Zelensky gave a speech to parliament during his visit in September. Before that, it had been presented by Prime Minister Justin Trudeau and by Anthony Rota, then Speaker of the House.

During his introduction, Rota recognized a man from his riding, Yaroslav Hunka, and praised the Ukrainian-Canadian for fighting the Russians in World War II. Zelenskyy, Trudeau and the rest of the House stood to applaud Hunka.

An elderly man sits in the gallery of Canada's House of Commons.
Yaroslav Hunka, right, awaits the arrival of Ukrainian President Volodymyr Zelenskyy at the House of Commons in Ottawa on September 22, 2023. (Patrick Doyle/The Canadian Press)

Media later revealed that Hunka fought with the Waffen-SS Galicia Division, also known as the 14th SS Waffen Division and sometimes the Ukrainian First Division. The unit was made up of Ukrainian volunteers from Galicia and was under Nazi command.

“The President of Ukraine stood alongside the entire Canadian Parliament and applauded this man. How can anyone imagine that?” Putin told Carlson through a translator. Carlson posted the interview on X, formerly Twitter.

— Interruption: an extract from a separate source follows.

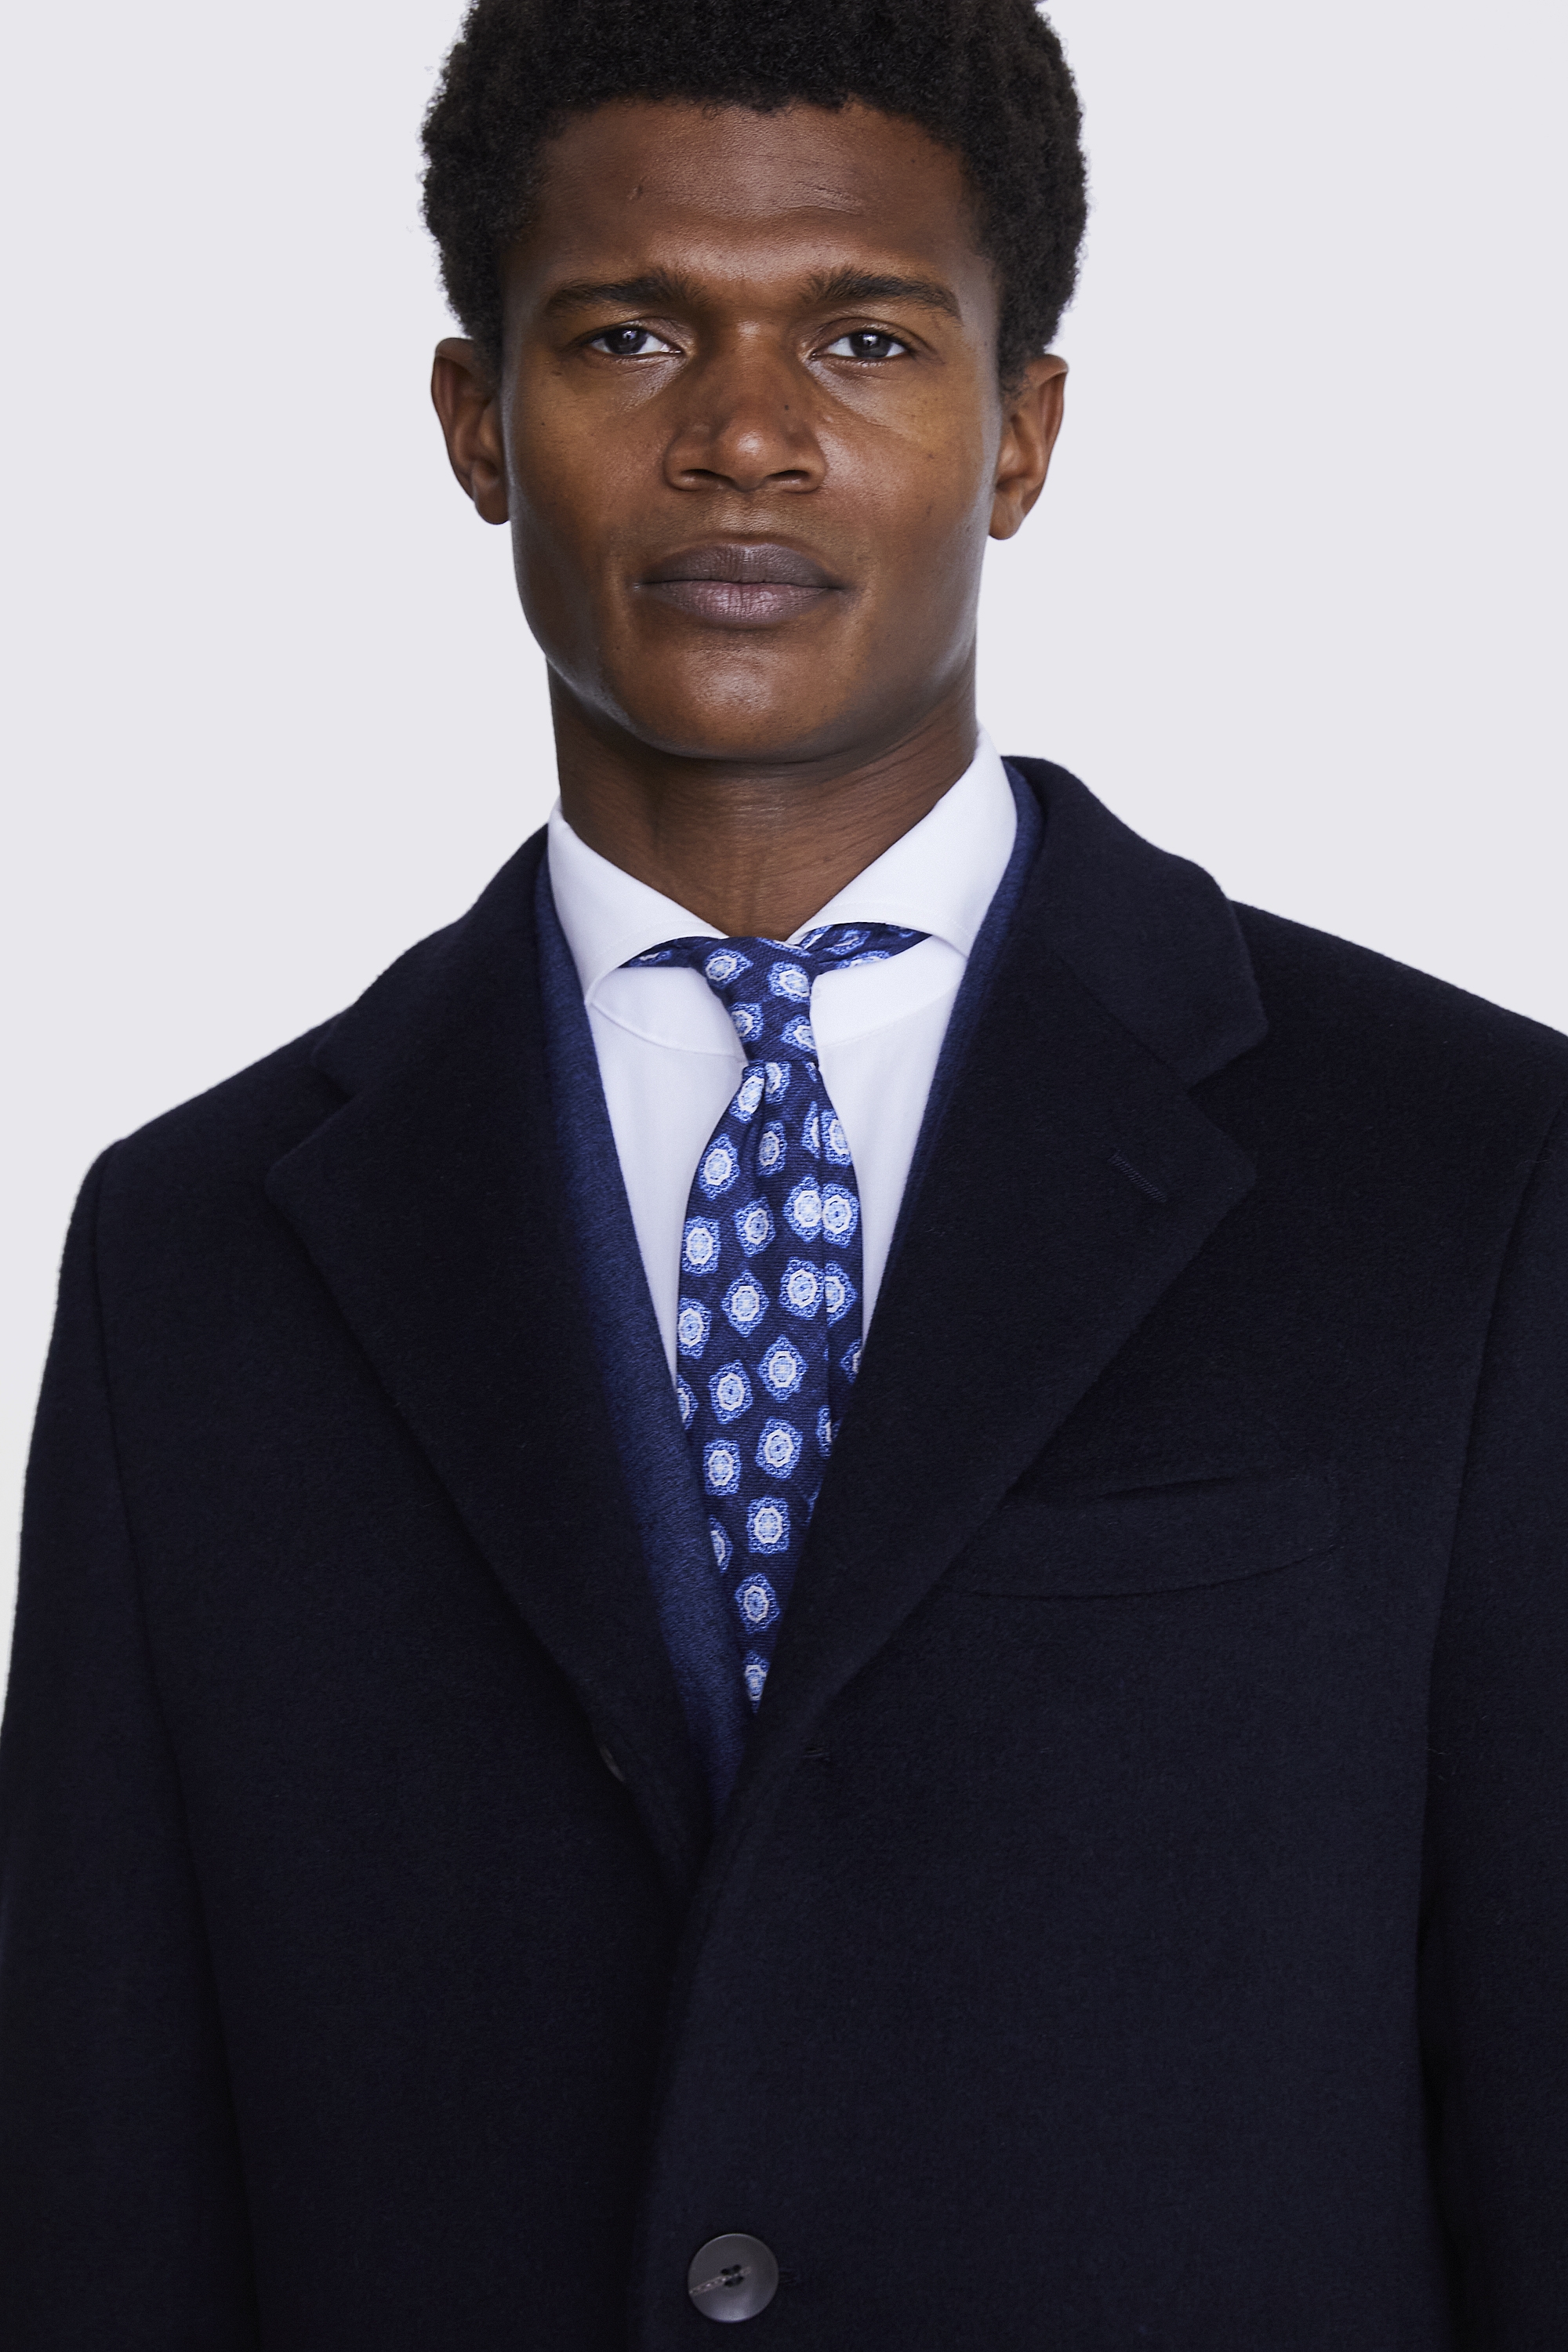 Navy Wool Cashmere Blend Overcoat | Buy Online at Moss

While historians claim the men joined the unit during a period various reasons — including the desire to fight for Ukraine’s independence from the Soviet Union — the incident constituted a major diplomatic embarrassment for Canada.

Putin has repeatedly claimed that he is waging war against Ukraine in order to “denazify” the country and has threw himself into the Hunka affair to justify his argument in the past.

Western allies, including Canada, have consistently rejected these claims, calling Russia’s full-scale invasion a blatant violation of Ukraine’s sovereignty.

During the interview, Putin suggested that the Hunka affair had “been swept under the rug in Western countries,” despite widespread media coverage of the incident last fall.

The Russian president has significantly limited his contacts with international media since he launched the full-scale war in Ukraine in February 2022.

Tucker Carlson is seen appearing at an event in Las Vegas in November 2023.
Tucker Carlson was chosen for the interview because “he has a position that differs” from that of other English-speaking media, a Putin spokesperson said. (Ian Maule/Getty Images)

Western journalists were invited to Putin’s annual press conference in December – the first since the start of the war – but only two were given the chance to ask a question.

Putin’s spokesman Dmitry Peskov told reporters that Carlson was chosen for the interview because “he has a position that differs” from that of other English-speaking media.

Before his departure from Fox, Carlson repeatedly questioned the validity of U.S. support for Ukraine after the Russian invasion and speculated about why Americans are told to hate Putin so much. His comments were frequently broadcast in Russian state media.

Carlson’s trip comes as he aligns himself with former US President Donald Trump amid growing division within the Republican Party over Putin and the war in Ukraine. Trump has pushed to cut off aid to Ukraine, and the Republican majority controlling the House of Representatives has so far complied.